■ **INPUT DATA**:
Segment Open

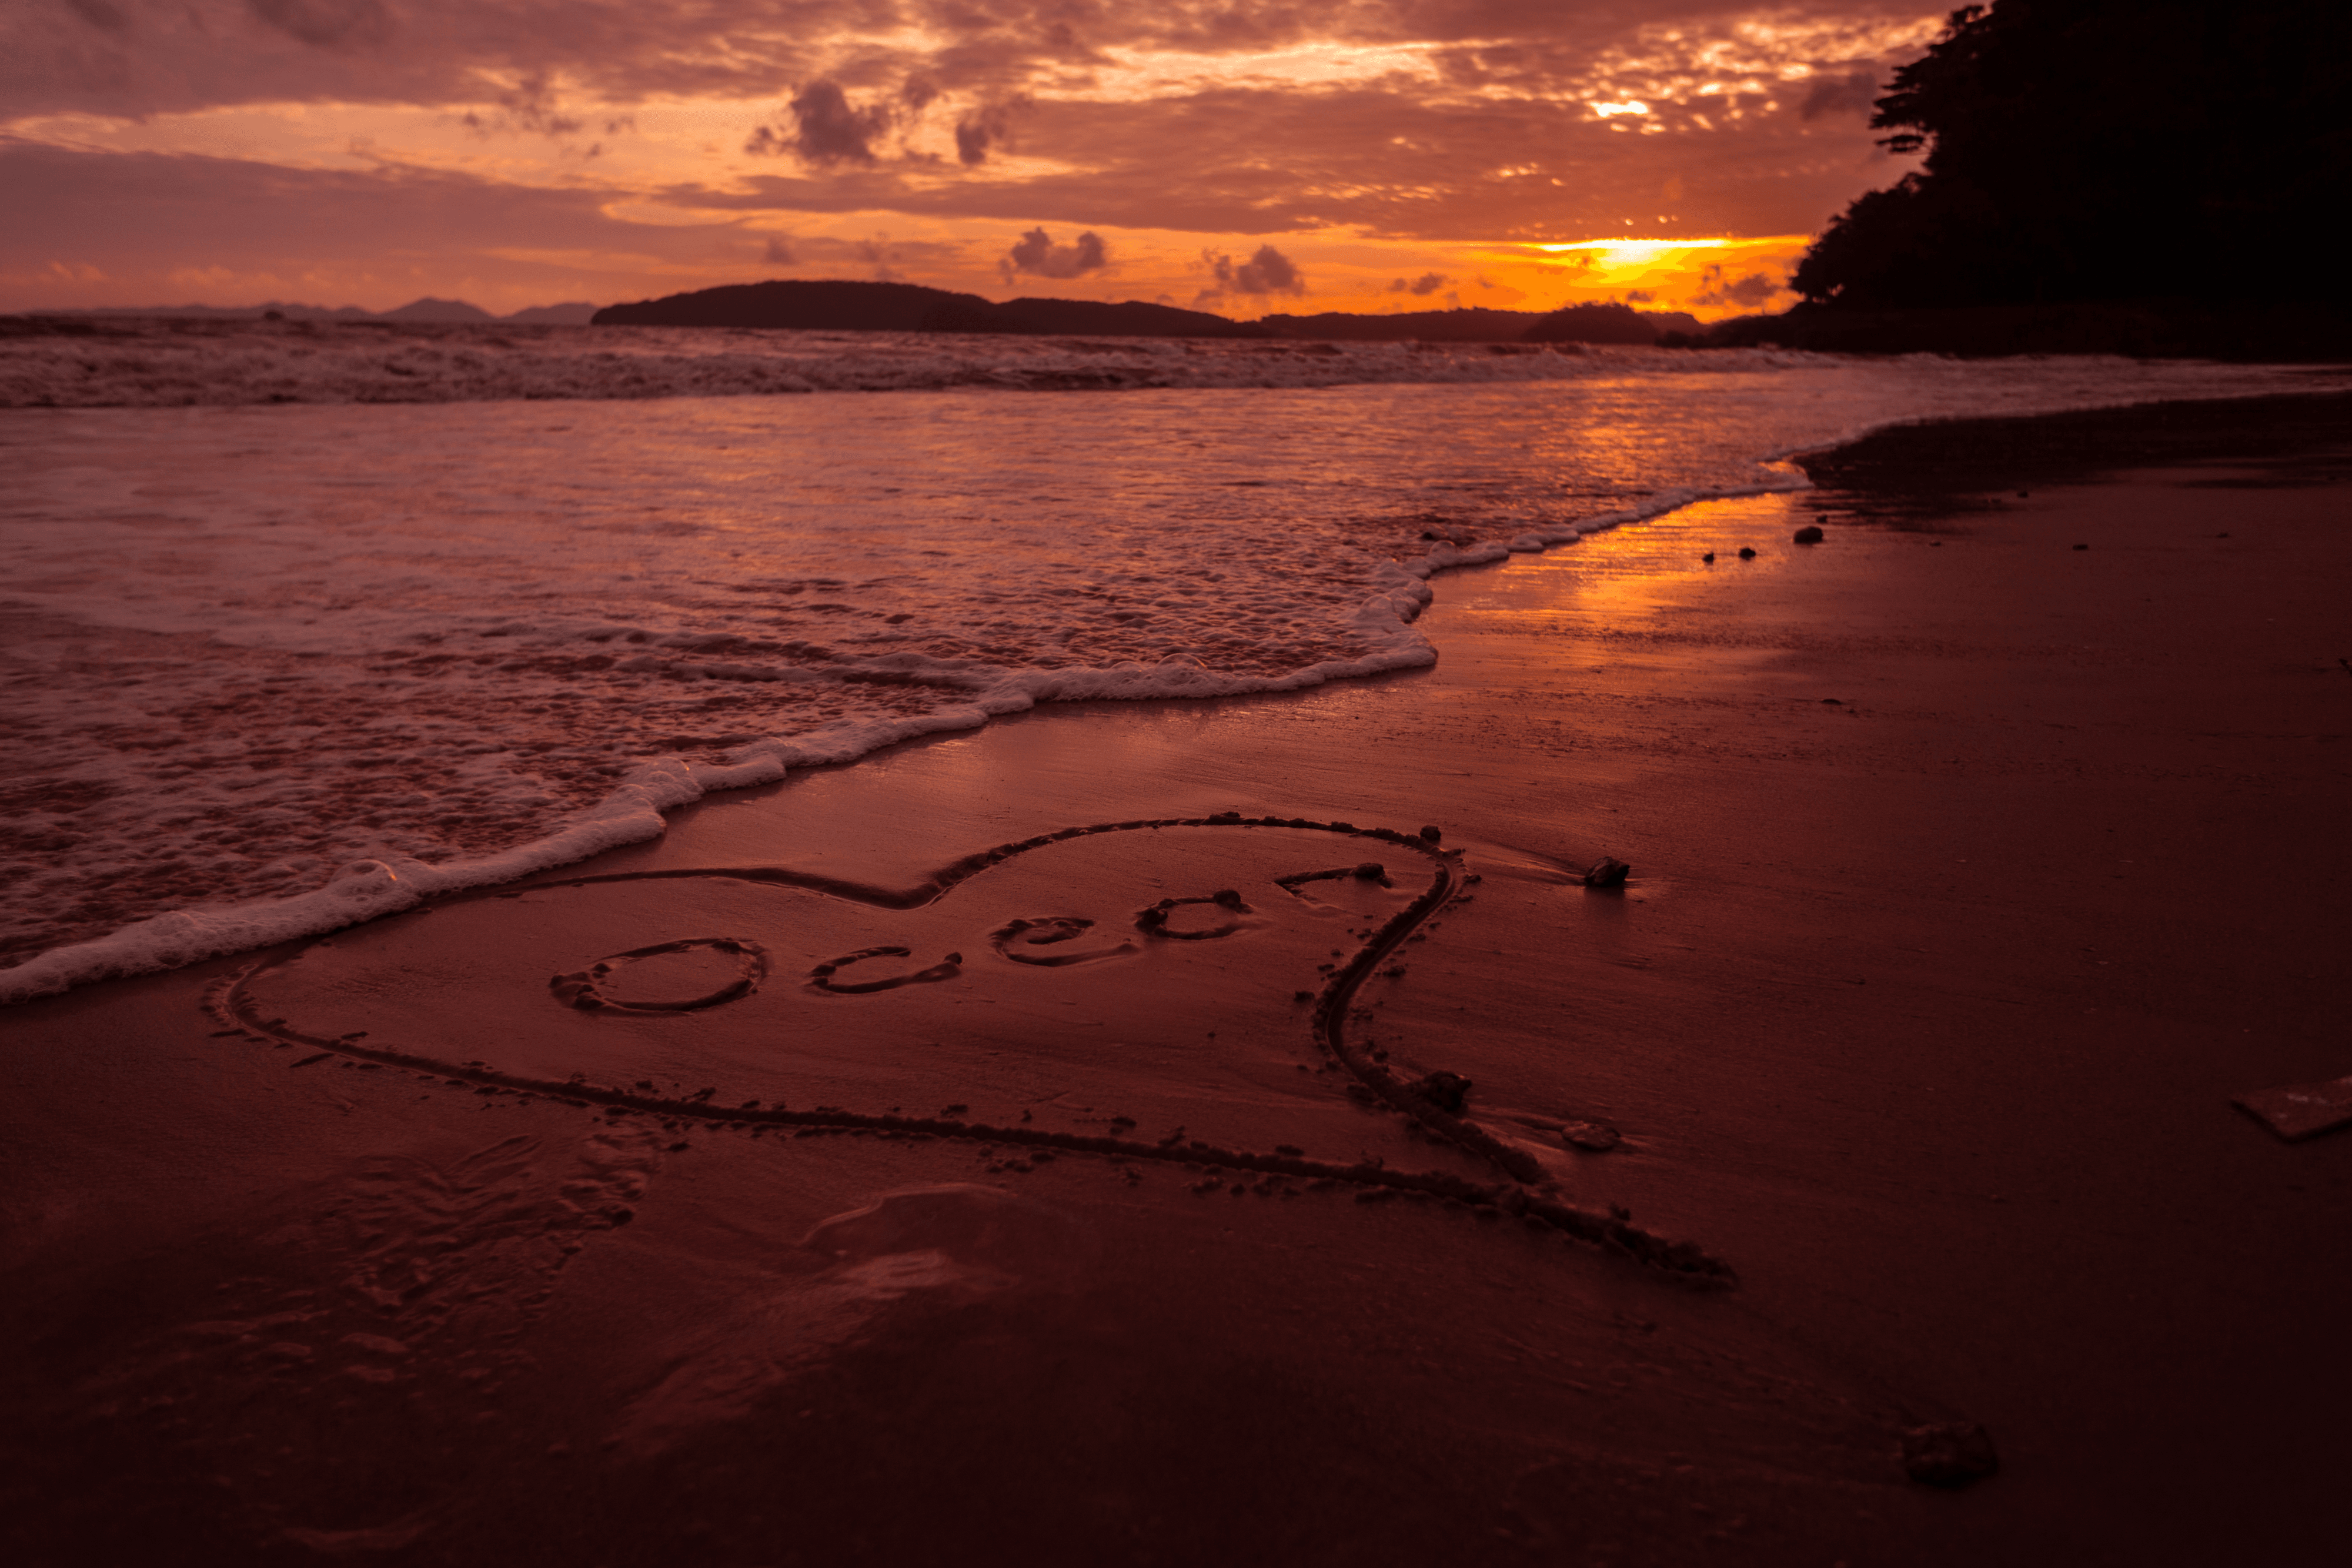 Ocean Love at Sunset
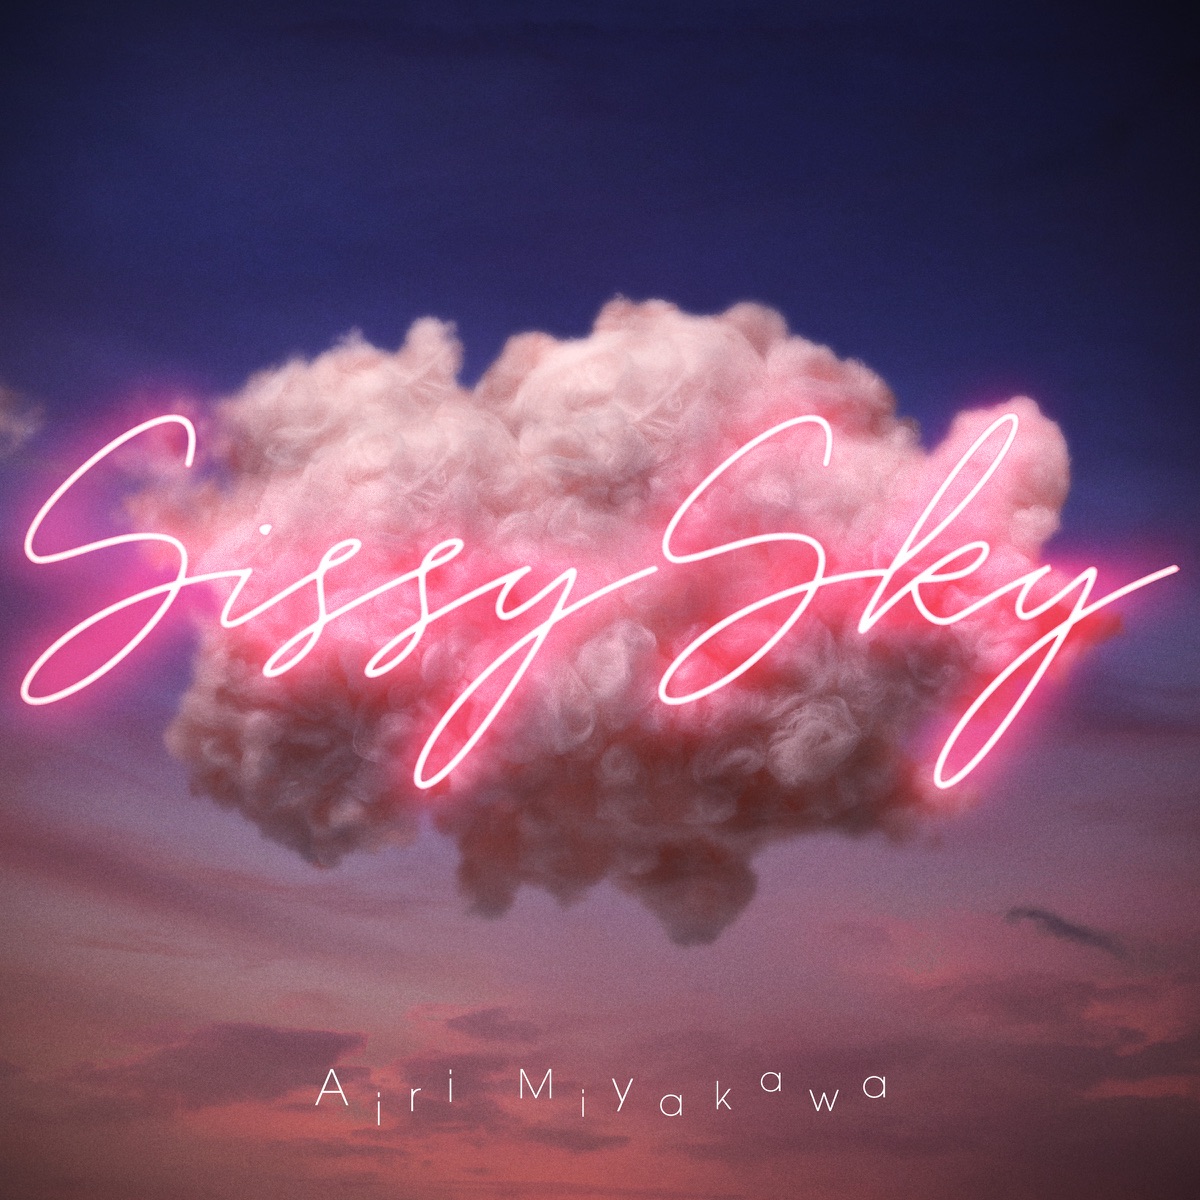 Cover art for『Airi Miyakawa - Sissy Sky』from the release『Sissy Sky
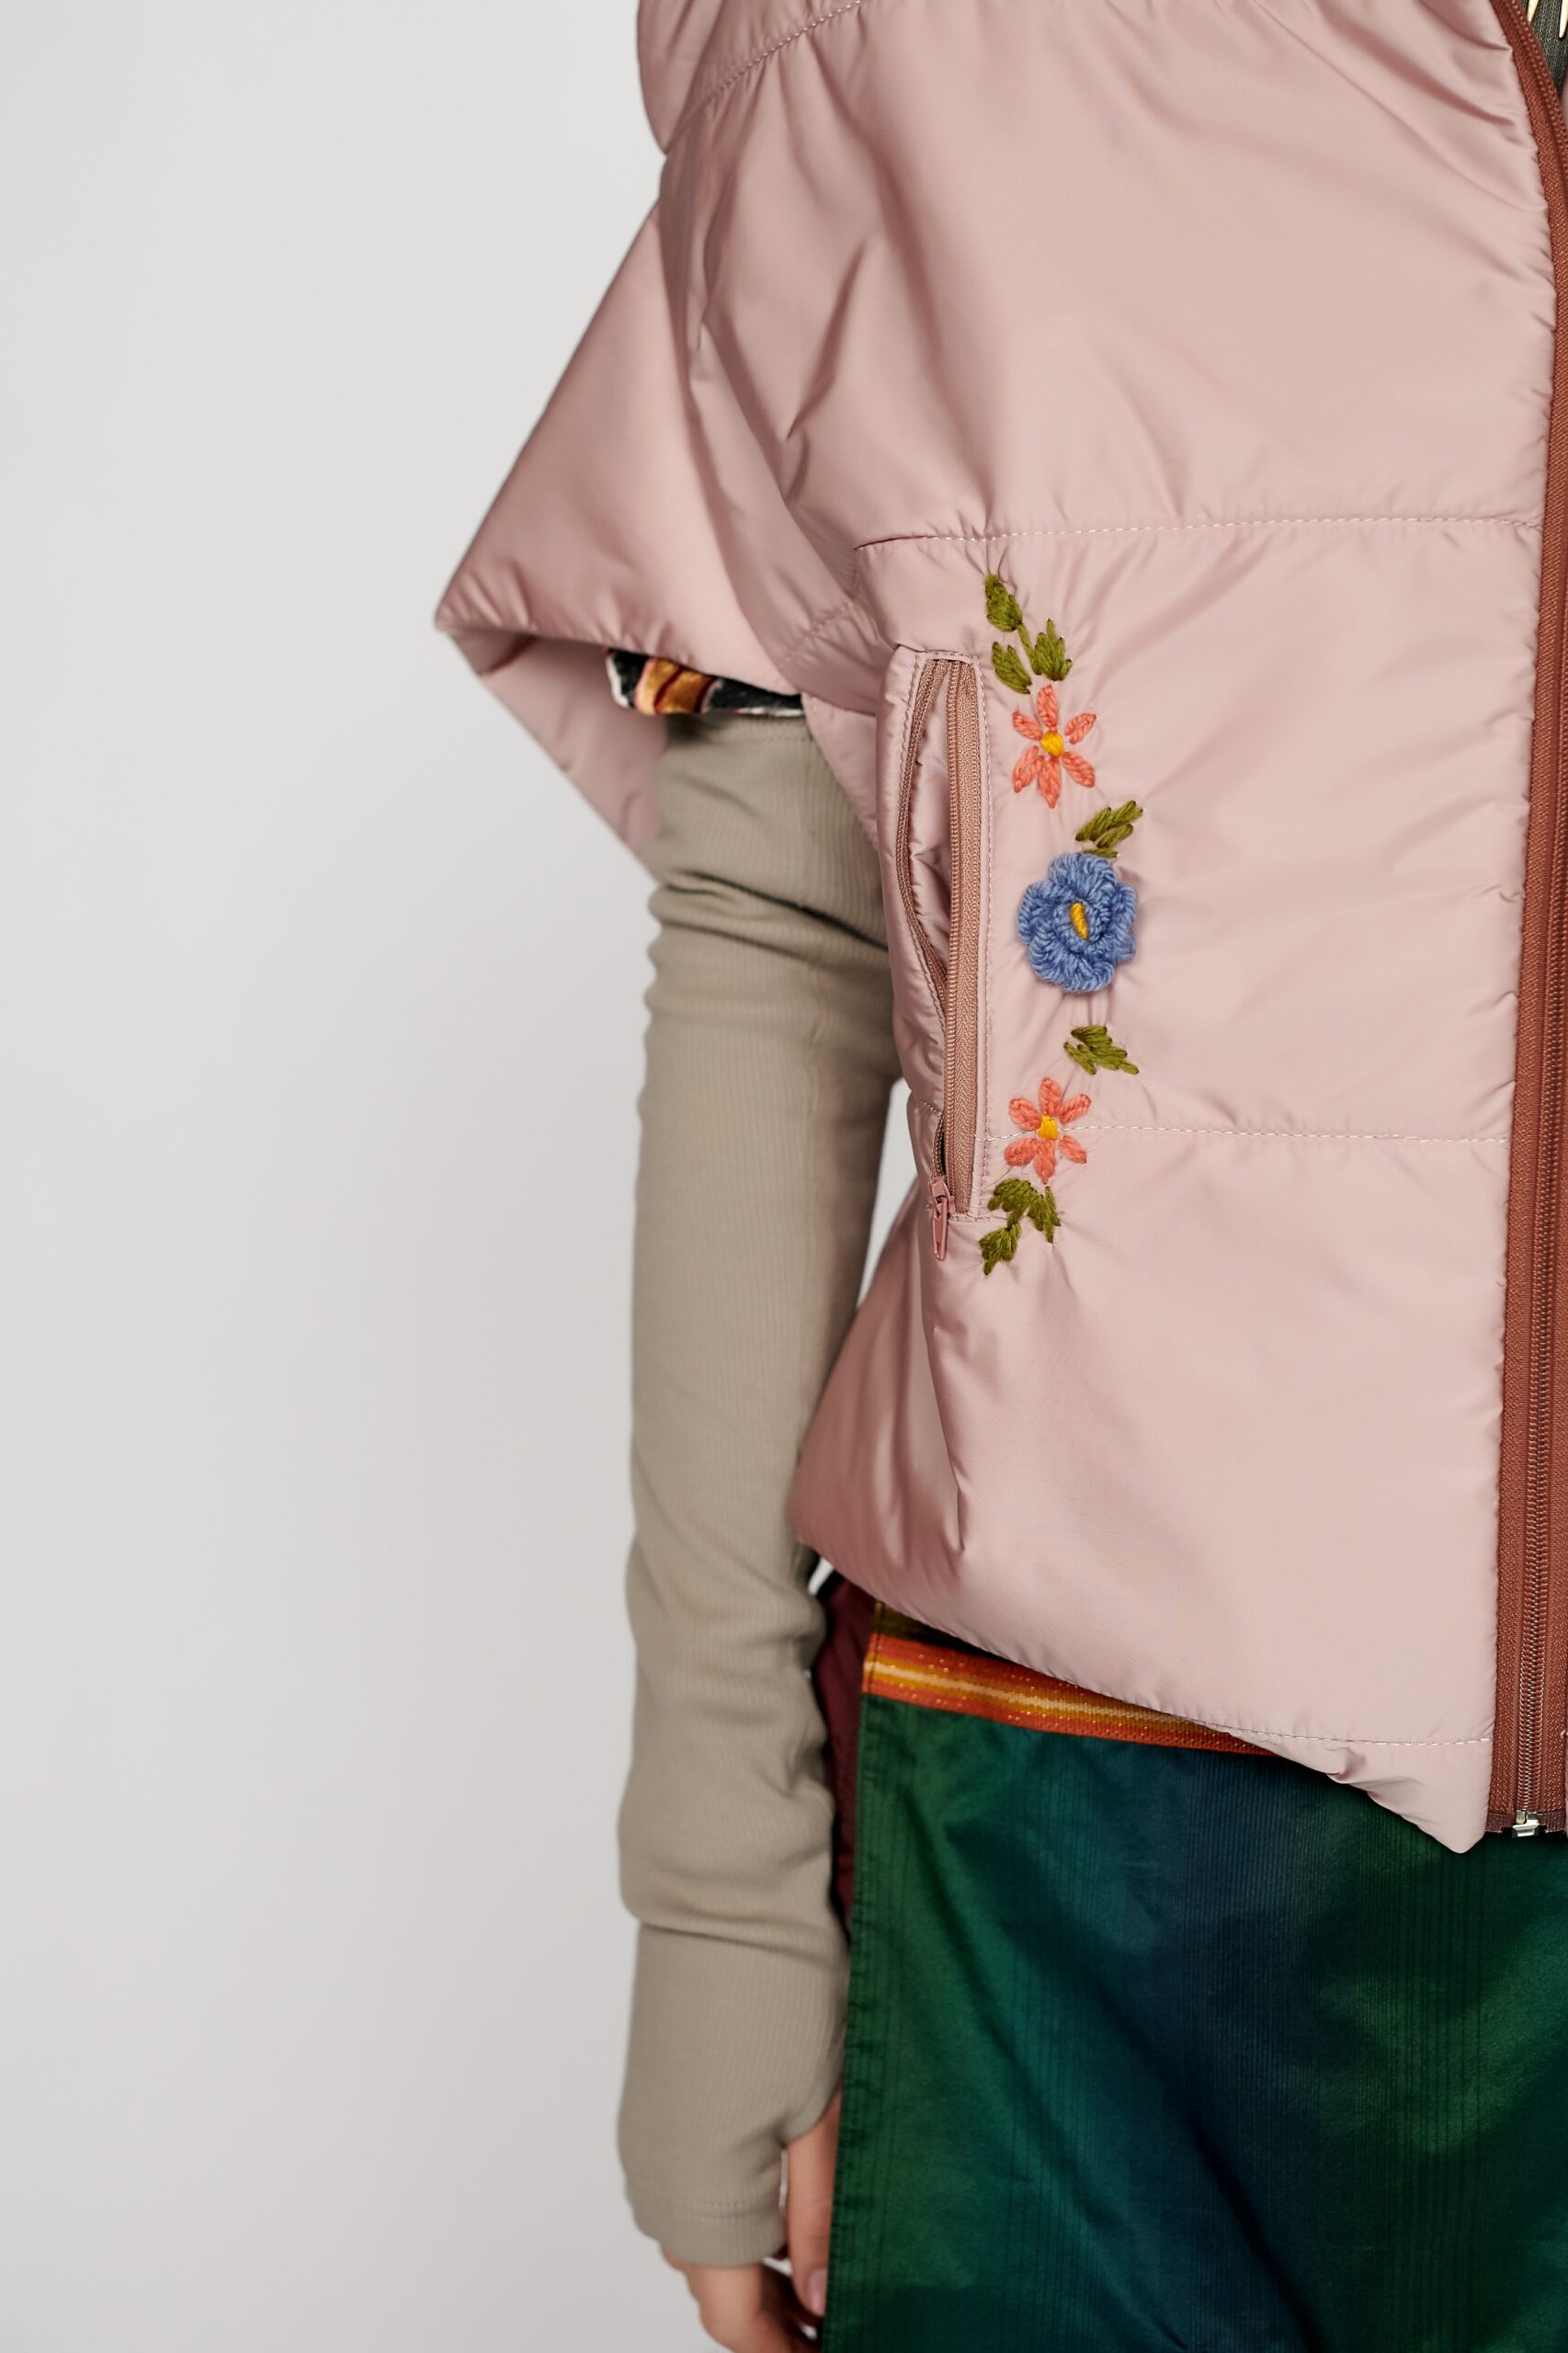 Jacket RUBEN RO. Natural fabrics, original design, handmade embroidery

Segment Closed

■ **DIRECTIONS FOR THIS TASK**:
Pass over the images and copy the rest of the material above exactly.

■ **REPLY TO THE EXERCISE**:
 Ocean Love at Sunset
 Cover art for『Airi Miyakawa - Sissy Sky』from the release『Sissy Sky
 Jacket RUBEN RO. Natural fabrics, original design, handmade embroidery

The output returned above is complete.